Just thought i'd comment on this, because I've always interpreted this as a vulnerability in sudo. If you time-costly and painstakingly set up visudo/sudoers though, sudo can only run specific commands.

A couple of super paranoid/secure bsd and linux's have ditched sudo, like OpenBSD has for doas, I imagine for this reason.


----------



## atomicbeef (Jul 12, 2016)

I don't see that as a vulnerability in sudo(8) at all. If someone were to break into an account in `wheel`, it doesn't really matter if they are restricted to only some commands because they would have full control of the system. The OpenBSD developers created `doas` because they perceived sudo(8) and its configuration to be too complex. The default behavior of `doas` is also identical to the behavior I described before.


----------



## BoggledByBSD (Jul 12, 2016)

atomicbeef said:


> I don't see that as a vulnerability in sudo(8) at all. If someone were to break into an account in `wheel`, it doesn't really matter if they are restricted to only some commands because they would have full control of the system. The OpenBSD developers created `doas` because they perceived sudo(8) and its configuration to be too complex. The default behavior of `doas` is also identical to the behavior I described before.
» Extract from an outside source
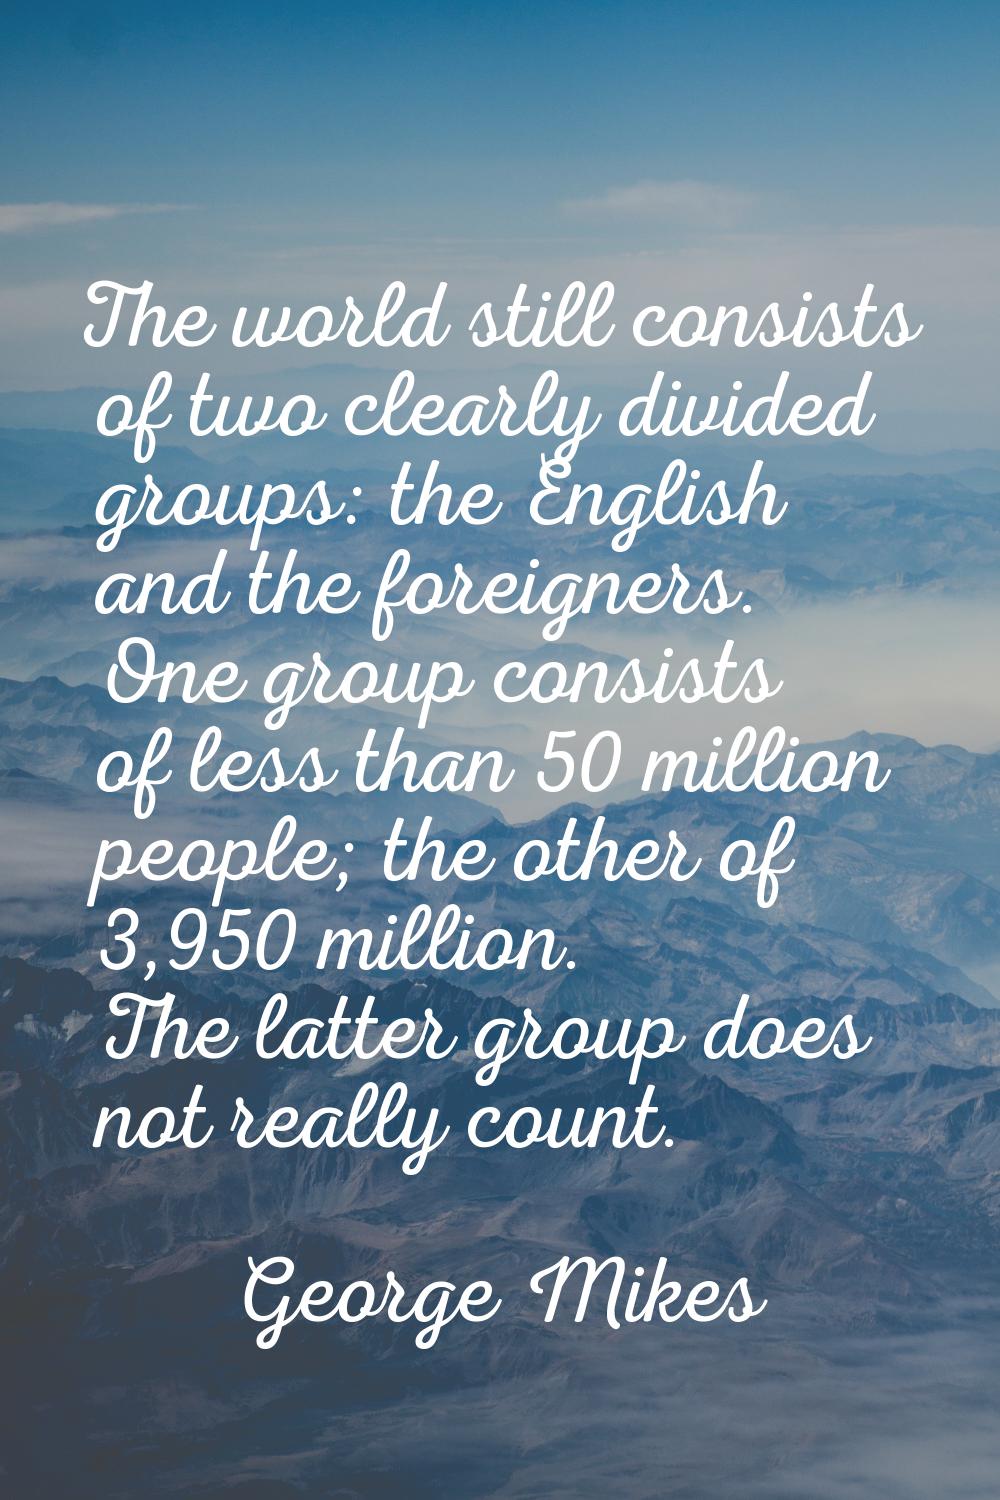 The world still consists of two clearly divided groups: the English and the foreigners. One group c

Isn't that why people who really want security do not use a wheel group in sudoers, but setup sudoers to only run certain things?


----------



## atomicbeef (Jul 12, 2016)

That is one approach, but like you said before, it's very inconvenient. When systems become so secure that too much convenience is sacrificed, they become less maintainable and less secure due to people turning off certain security features when they want to get work done.


----------



## kpa (Jul 12, 2016)

BoggledByBSD said:


> Isn't that why people who really want security do not use a wheel group in sudoers, but setup sudoers to only run certain things?



Access control by a group such as wheel is too coarse grained, it basically allows all or nothing. If someone really wants to have proper controls on what a user can run with elevated privileges there's no other way than denying everything by default and enabling access case by case.


----------



## Murph (Jul 12, 2016)

fossette said:


> It would be interesting to have such a sequence always trapped by the kernel, but I don't see how it can be implemented with the variety of user interfaces (TTY, GUI/WM and SSH).  Even with SSH, I wonder if the fingerprint it displays at first (when the IP address changes) couldn't just be printed by a criminal, and wait for my response.
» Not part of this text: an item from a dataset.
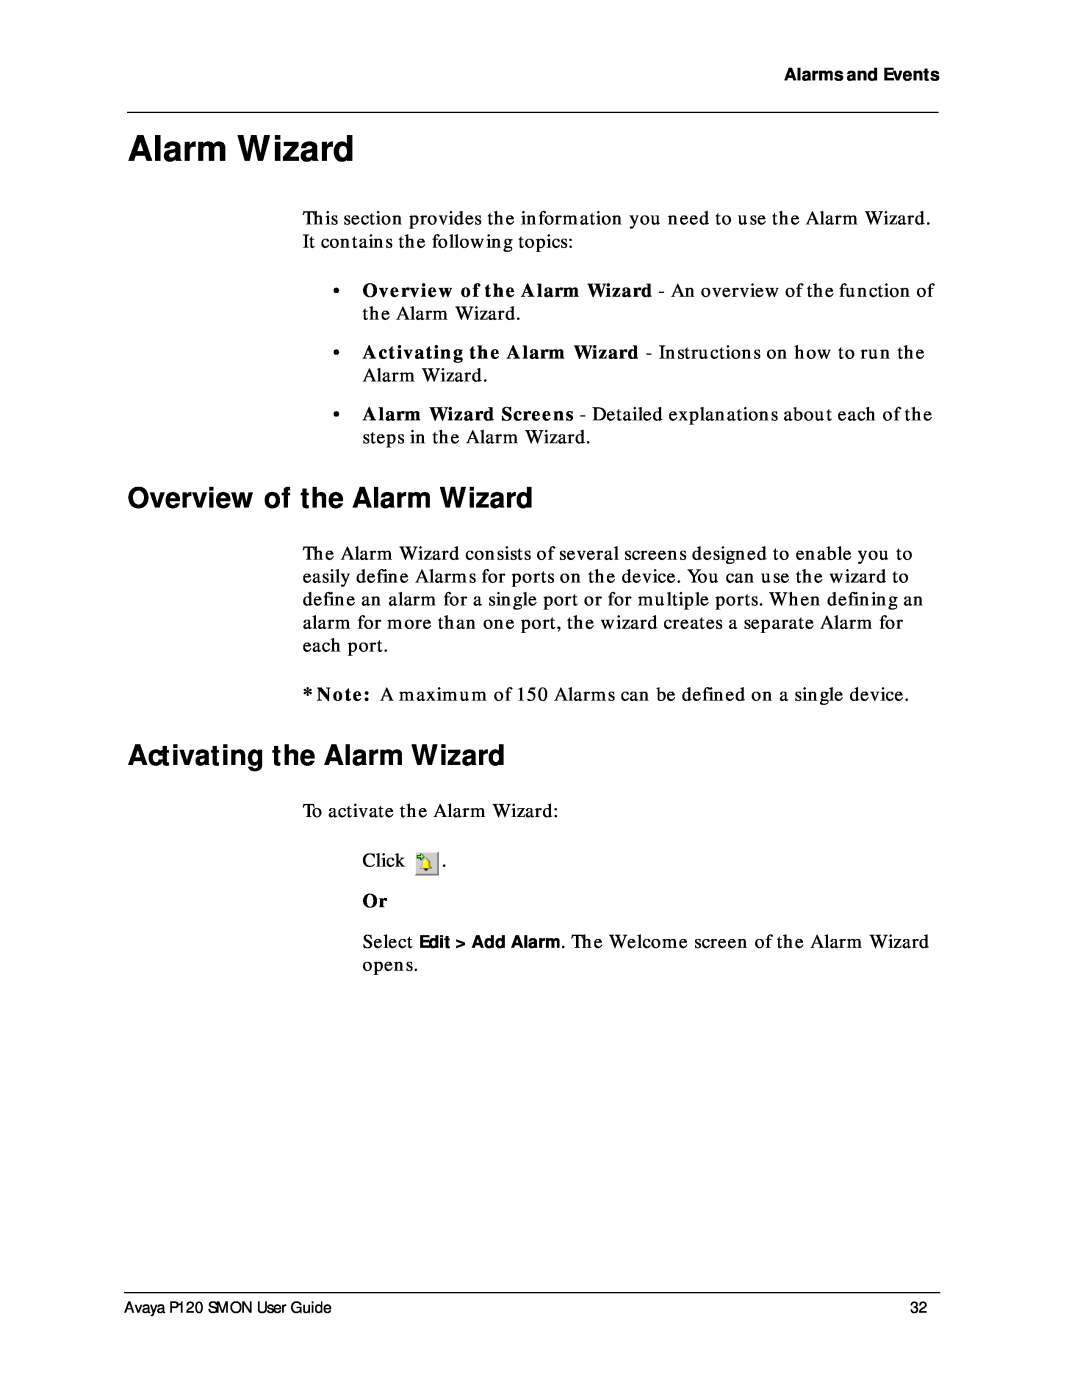 Avaya P120 SMON manual Overview of the Alarm Wizard, Activating the Alarm Wizard

For generic TTYs, there's really a couple of possible choices: BREAK, or cycling DCD/DTR in the case of a serial type connection.  That's not to make any claim that it would necessarily be feasible or practical to implement, only what I believe as the only choice which has a moderate chance of success for generic traditional Unix login.  Cycling DCD/DTR in the case of getty(8) on a serial line should generally ensure that existing processes are terminated and a fresh session is started by trusted parts of the OS.  In the case of an incoming modem connection, DCD cycling should be automatic (it should be tracking the carrier signal on the line).  In the case of a physical terminal, power cycling the terminal or otherwise causing a hardware reset of the DTE interface should cycle DCD/DTR.  Obviously, that assumes that suitable mastery has been applied to the dark art of getting the correct signalling pins connected on the serial ports.

For SSH, it is irrelevant, as you are making a new connection to a system daemon on a privileged port prior to authentication.  Man in the middle attacks or the daemon itself being compromised are completely different issues to avoiding a local spoofed login prompt.  The situation of walking up to an existing login prompt should simply never exist for SSH.  The fingerprint is secure as long as the underlying crypto is secure.  If any of the local system, local client, remote system, remote daemon, or private keys have been compromised there is a problem, otherwise it can't be spoofed.  The remote daemon does not send the fingerprint across as the critical identifier, it sends the complete public key across, which the local client typically condenses into a digest/fingerprint if/when it needs to present it to the user.  An attacker could easily send the same public key across, but should gain nothing without also being in possession of the corresponding private key.


----------



## rigoletto@ (Jul 13, 2016)

Something like Yubikey may fit the needs of OP about secure login.


----------